§ **DIRECTIONS FOR THIS TASK**: From the records below, please repeat exactly the line that has "Старая книга с", the line that has "2001: A Space", and every line between them, and nothing else.

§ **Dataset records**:
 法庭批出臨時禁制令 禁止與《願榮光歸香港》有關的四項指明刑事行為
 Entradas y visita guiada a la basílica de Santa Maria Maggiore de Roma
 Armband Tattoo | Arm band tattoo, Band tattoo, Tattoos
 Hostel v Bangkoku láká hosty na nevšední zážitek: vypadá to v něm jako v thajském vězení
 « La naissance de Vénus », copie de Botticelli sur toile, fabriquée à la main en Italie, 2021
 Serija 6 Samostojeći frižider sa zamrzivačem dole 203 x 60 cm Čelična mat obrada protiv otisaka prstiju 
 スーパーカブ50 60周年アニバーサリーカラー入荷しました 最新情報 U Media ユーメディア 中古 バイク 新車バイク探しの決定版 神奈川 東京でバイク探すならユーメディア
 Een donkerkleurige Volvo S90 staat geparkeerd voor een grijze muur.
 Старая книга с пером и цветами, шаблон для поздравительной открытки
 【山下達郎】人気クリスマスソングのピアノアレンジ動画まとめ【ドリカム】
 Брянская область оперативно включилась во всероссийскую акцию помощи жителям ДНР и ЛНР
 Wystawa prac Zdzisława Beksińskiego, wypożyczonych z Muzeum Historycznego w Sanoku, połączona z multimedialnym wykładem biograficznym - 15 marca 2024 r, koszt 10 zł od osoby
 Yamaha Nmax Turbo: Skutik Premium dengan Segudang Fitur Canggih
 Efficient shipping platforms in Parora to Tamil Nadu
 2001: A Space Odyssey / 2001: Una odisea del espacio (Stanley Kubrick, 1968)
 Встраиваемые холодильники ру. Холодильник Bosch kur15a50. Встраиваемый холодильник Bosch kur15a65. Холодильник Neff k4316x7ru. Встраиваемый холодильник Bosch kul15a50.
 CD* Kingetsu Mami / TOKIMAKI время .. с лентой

§ **RESPONSE TO THE TASK**:
 Старая книга с пером и цветами, шаблон для поздравительной открытки
 【山下達郎】人気クリスマスソングのピアノアレンジ動画まとめ【ドリカム】
 Брянская область оперативно включилась во всероссийскую акцию помощи жителям ДНР и ЛНР
 Wystawa prac Zdzisława Beksińskiego, wypożyczonych z Muzeum Historycznego w Sanoku, połączona z multimedialnym wykładem biograficznym - 15 marca 2024 r, koszt 10 zł od osoby
 Yamaha Nmax Turbo: Skutik Premium dengan Segudang Fitur Canggih
 Efficient shipping platforms in Parora to Tamil Nadu
 2001: A Space Odyssey / 2001: Una odisea del espacio (Stanley Kubrick, 1968)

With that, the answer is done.